▶ Problem
In the data below, one line contains "bachiller (bachillera)" and a later one contains "Green Emerald Huge". Print both, with every line between them, exactly and alone.
Top of Supplied data
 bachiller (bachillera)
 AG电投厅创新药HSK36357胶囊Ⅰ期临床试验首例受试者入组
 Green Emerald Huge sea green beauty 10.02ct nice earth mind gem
Bottom of Supplied data
Top of Supplied data
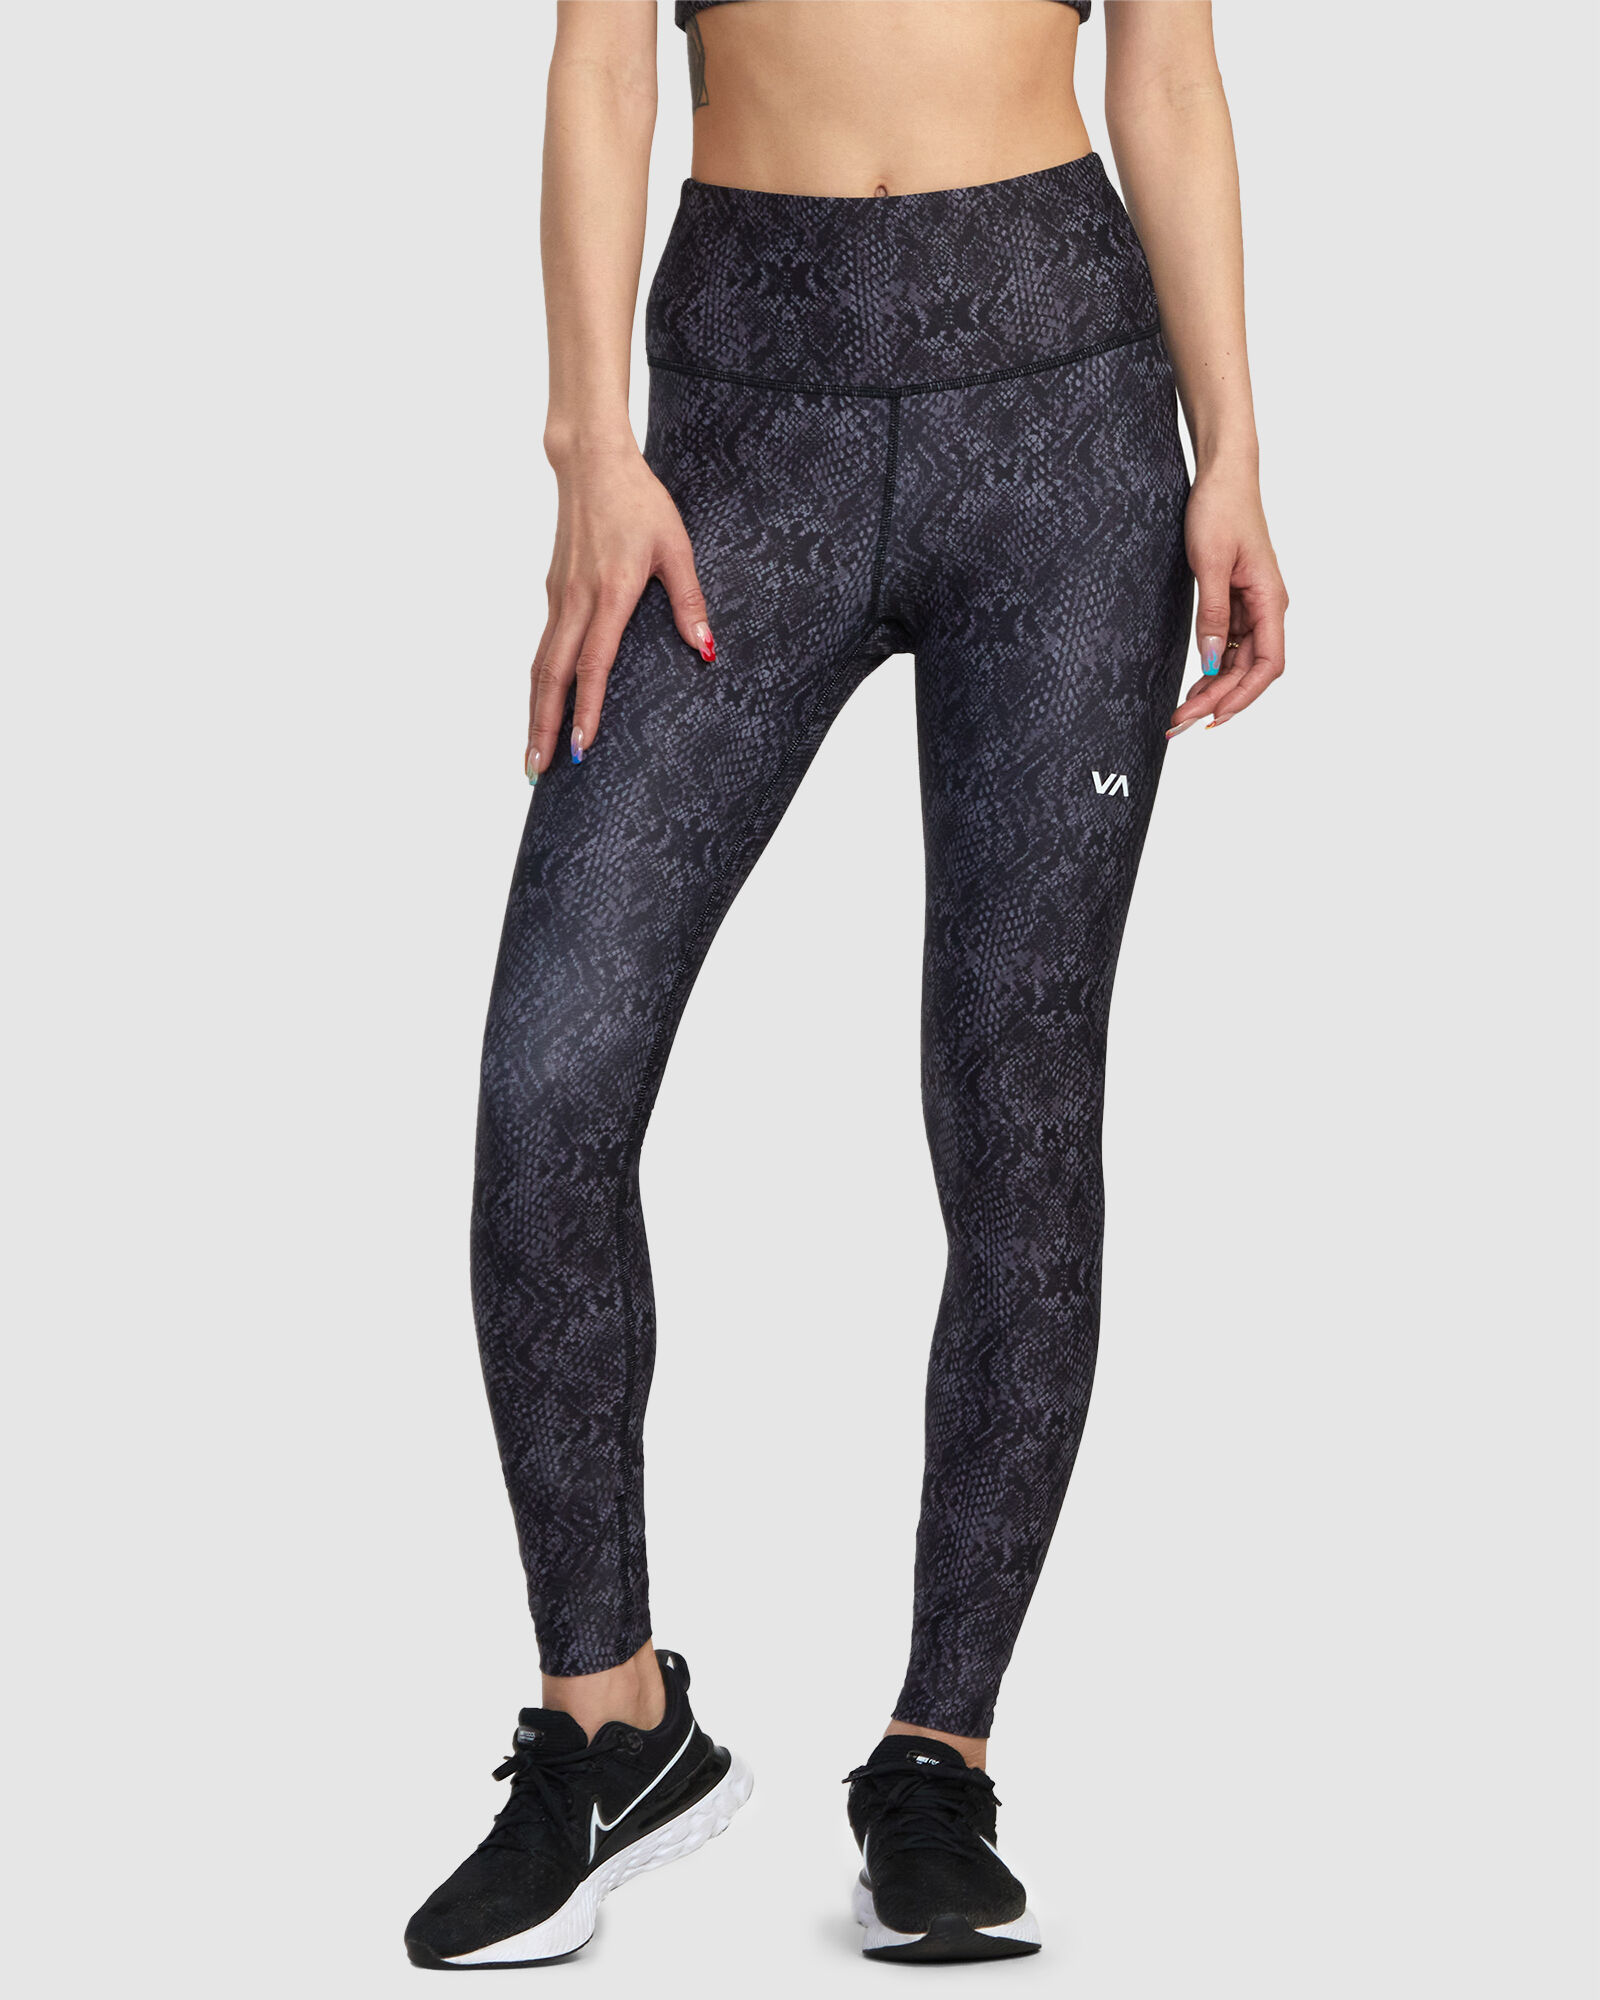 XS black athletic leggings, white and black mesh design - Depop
Bottom of Supplied data
Top of Supplied data
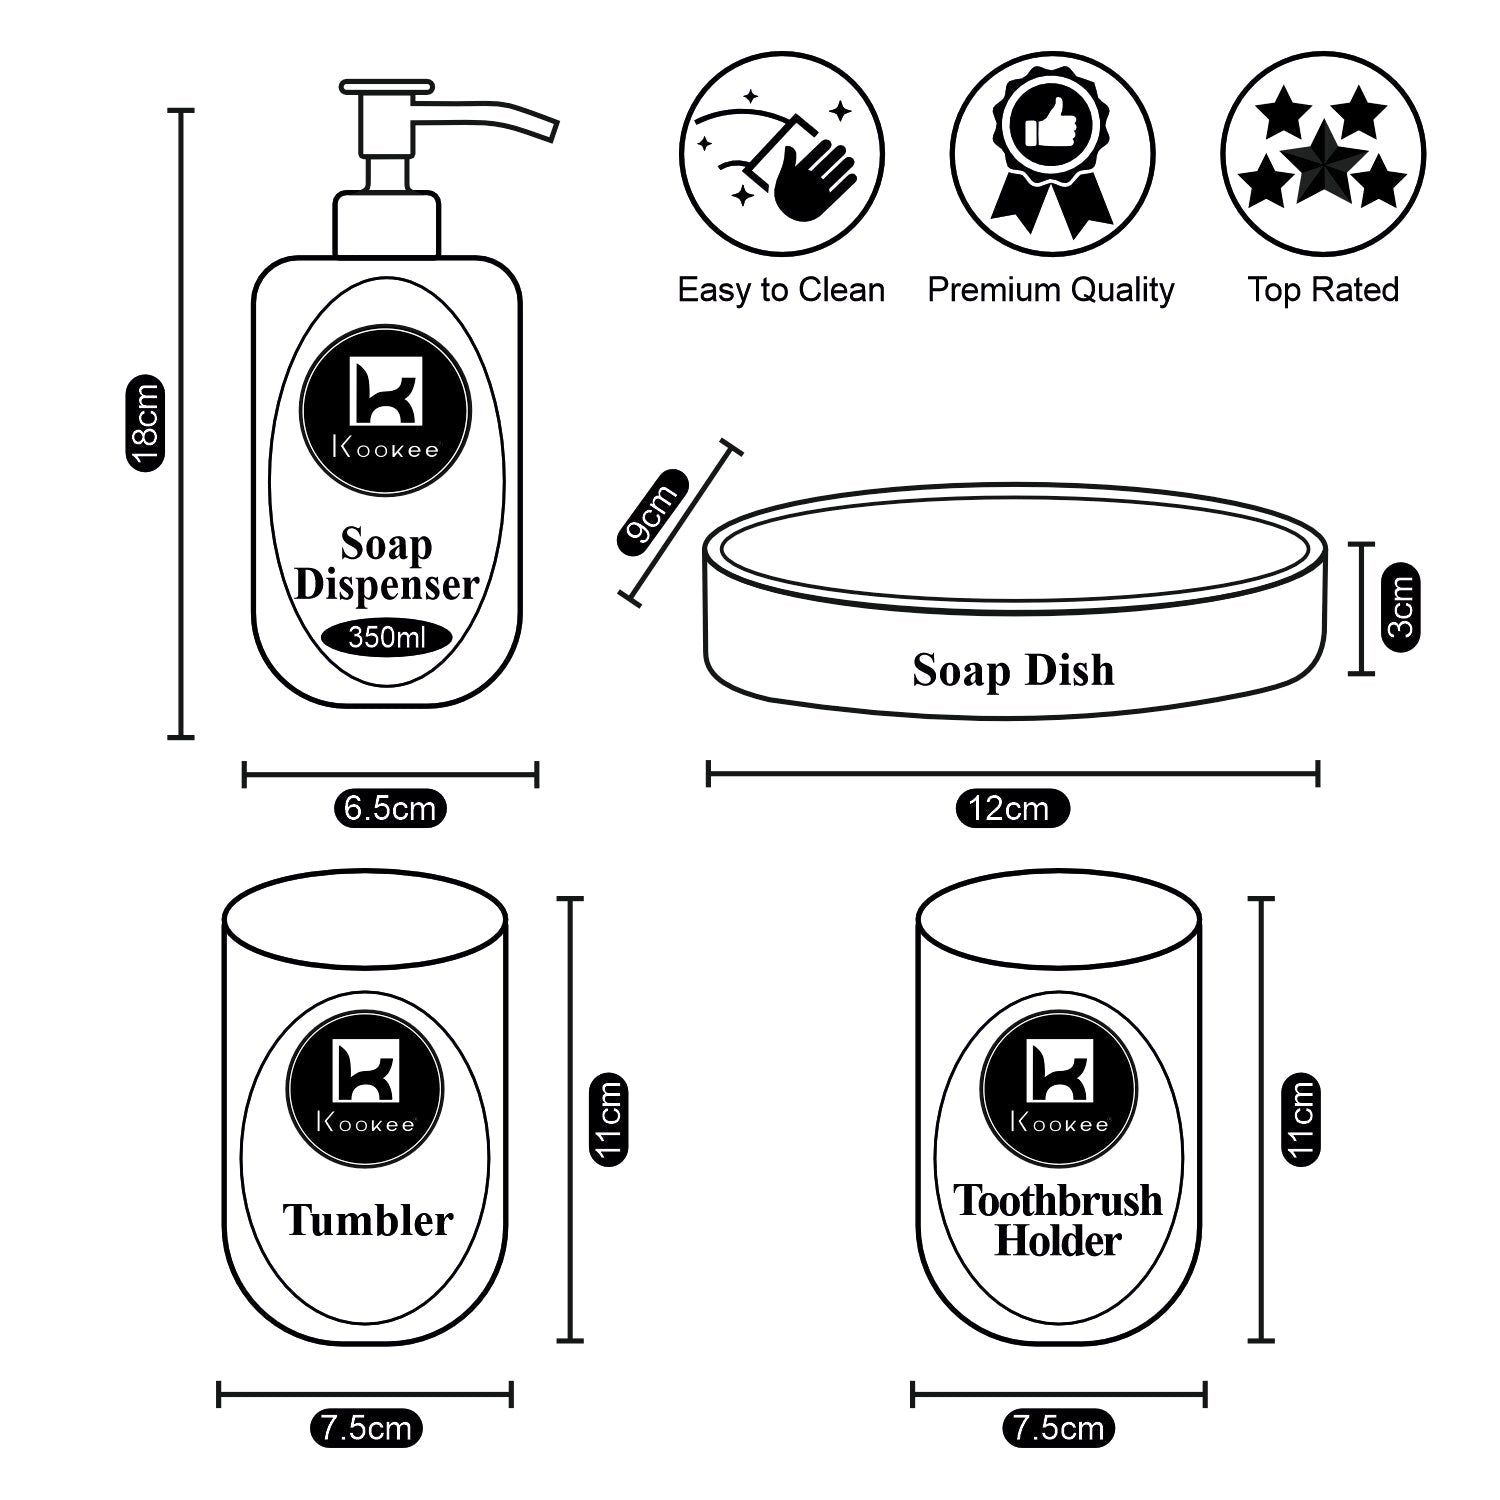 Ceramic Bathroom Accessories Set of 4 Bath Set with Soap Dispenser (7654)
Bottom of Supplied data
▶ Result of this task
 bachiller (bachillera)
 AG电投厅创新药HSK36357胶囊Ⅰ期临床试验首例受试者入组
 Green Emerald Huge sea green beauty 10.02ct nice earth mind gem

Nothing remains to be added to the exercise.